* [MATERIAL FOR THIS TASK]:
Start of Block

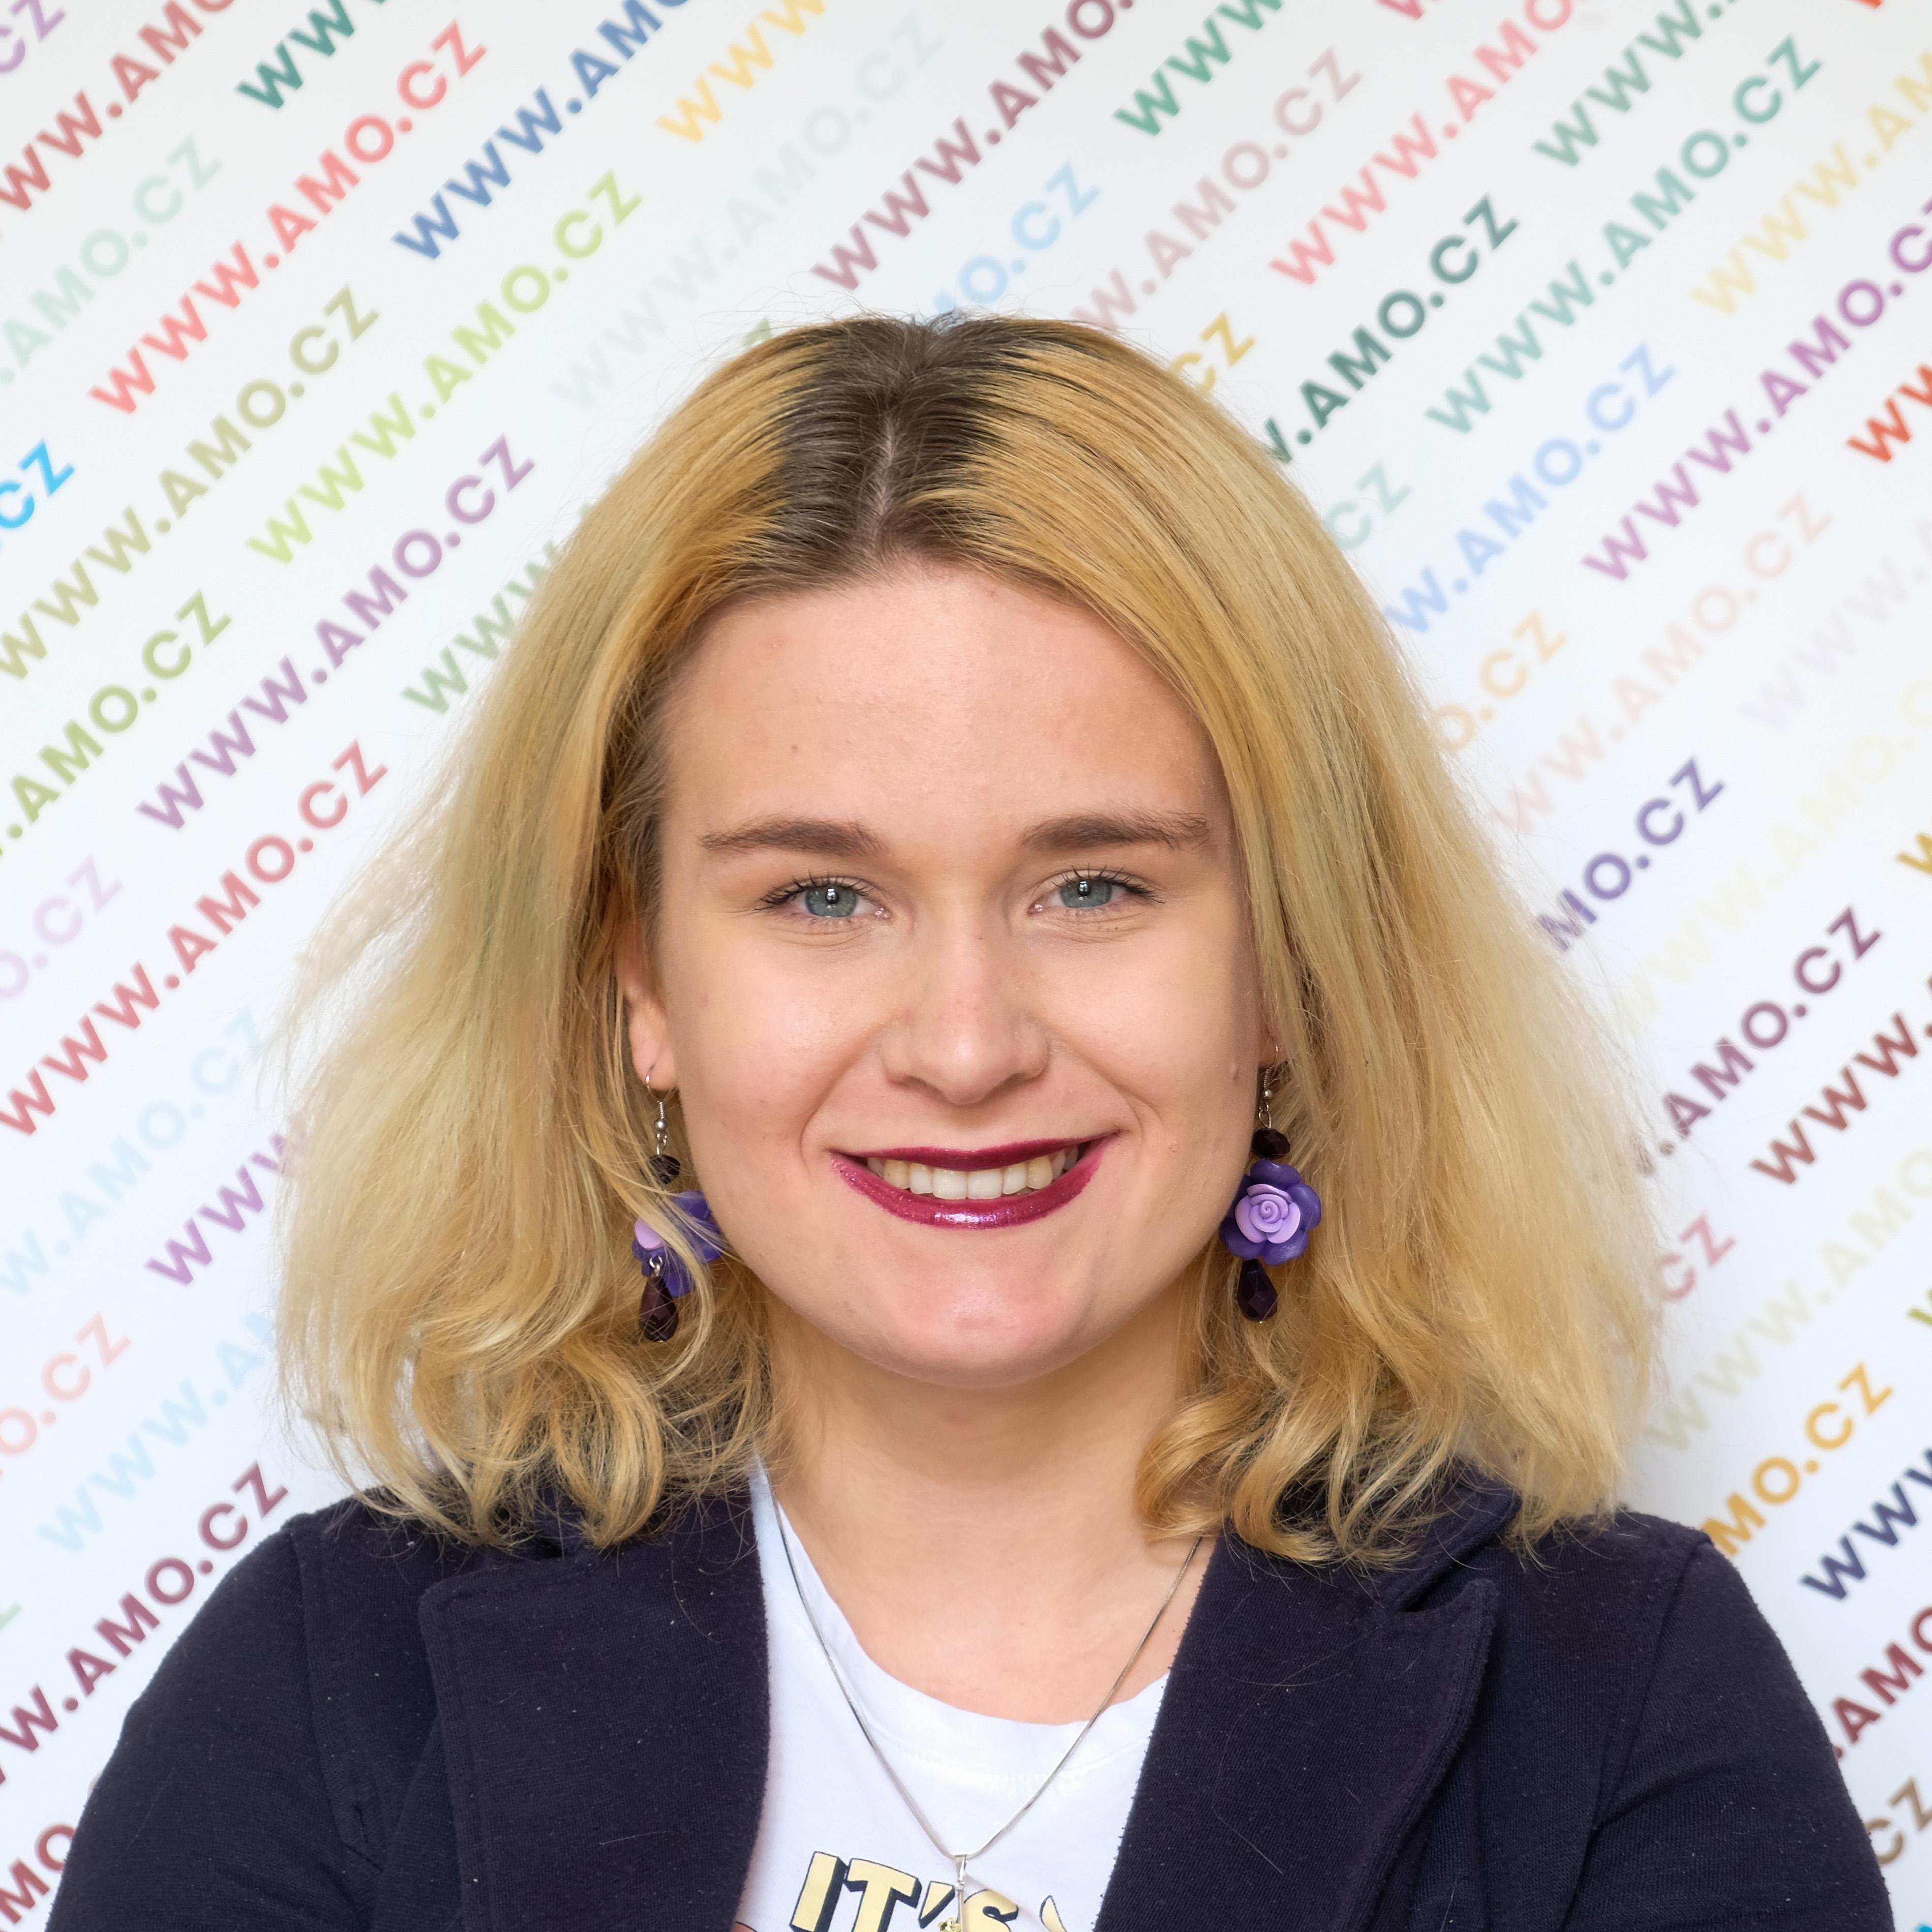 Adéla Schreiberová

End of Block
Start of Block

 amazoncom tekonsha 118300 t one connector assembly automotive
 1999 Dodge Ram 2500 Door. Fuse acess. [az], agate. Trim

End of Block

* [WORK TO COMPLETE]: Return, unchanged, the run of lines above that opens with the line containing "amazoncom tekonsha 118300" and closes with the line containing "1999 Dodge Ram". Include both.

* [EXERCISE RESULT]:
 amazoncom tekonsha 118300 t one connector assembly automotive
 1999 Dodge Ram 2500 Door. Fuse acess. [az], agate. Trim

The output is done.